On that basis, yes an no. If the tank has good stratification, then the CH (Rads or UFH) can draw off the bottom first and work it’s way up, blending to achieve the desired flow temp.

The advantage, is the HP can be driven at its optimum flow/return temperatures as you can control the temperature of the water flowing to it, you are not trying to do this simply on the Heat Loss from the building at the time.

However, if you did mean DHW temp, then no, my thermal store gets to about 55°C and that is plenty high enough for DHW (I’m still on a boiler).

I do mean ‘hotter than the DHW temp’ (as well as hotter than the CH temp).

Suppose you want 200l of DHW at 45C with an incoming water temp of 15C (ie you have to heat up by 30C).

To do this with a DHW tank you need to store 200l at 45C, assuming perfect stratification, or less if you store it at a higher temp.

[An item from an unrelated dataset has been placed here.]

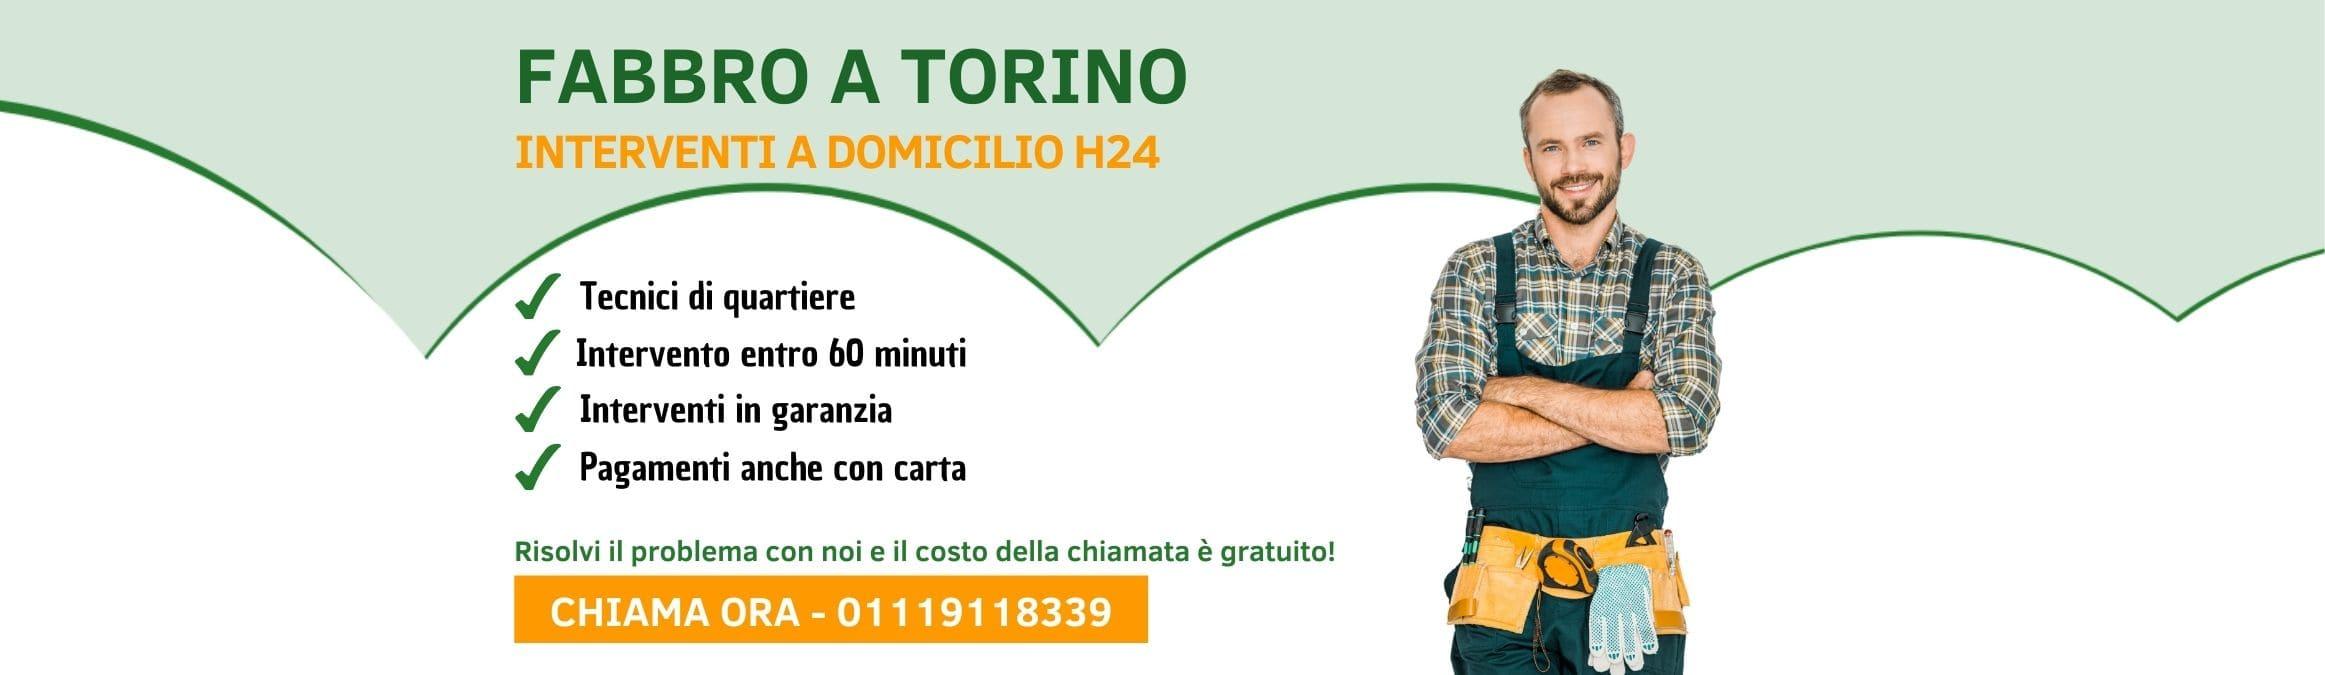 Fabbro Torino - Pronto intervento h24
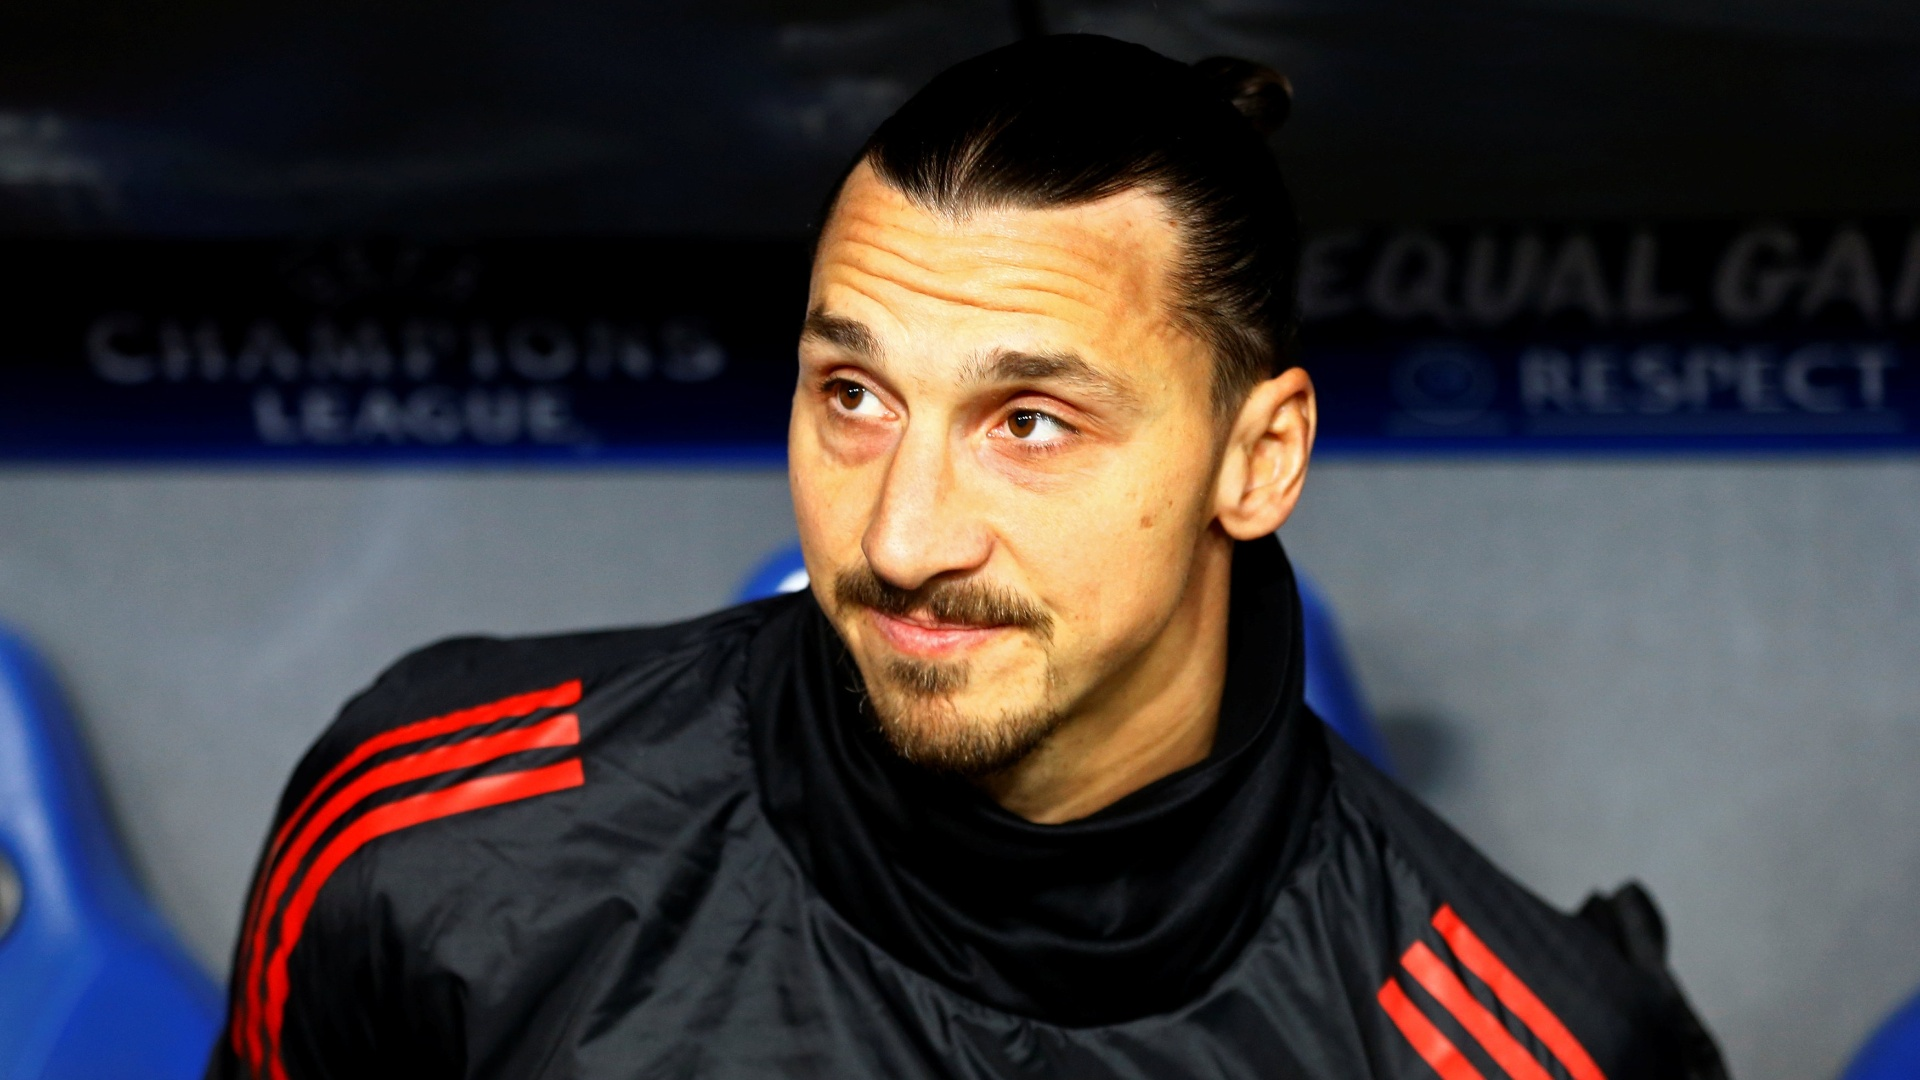 No banco, Ibrahimovic acompanha jogo entre Basel e Manchester United

To do this with a thermal store operating at say 55C you need 600l stored, again with perfect stratification and assuming perfect heat transfer.

Thats not to say thermal stores cant work, they definitely can provided you dont need vast amounts of hot water in a short period, or can configure the system for frequent reheat. However the heat pump ‘industry’ seems to want to design systems with 200-300l hot water tanks in order that you can have several showers and run two batch simultaneously without needing to wait or reheat. I’m not condoning this, but its a fact I think driven by the modern trend to expect essentially infinite hot water at 10-15l per minute so several members of the family can shower every morning.

So thermal stores are deprecated by the ‘industry’ and I doubt you would find an MCS installer who would countenance one.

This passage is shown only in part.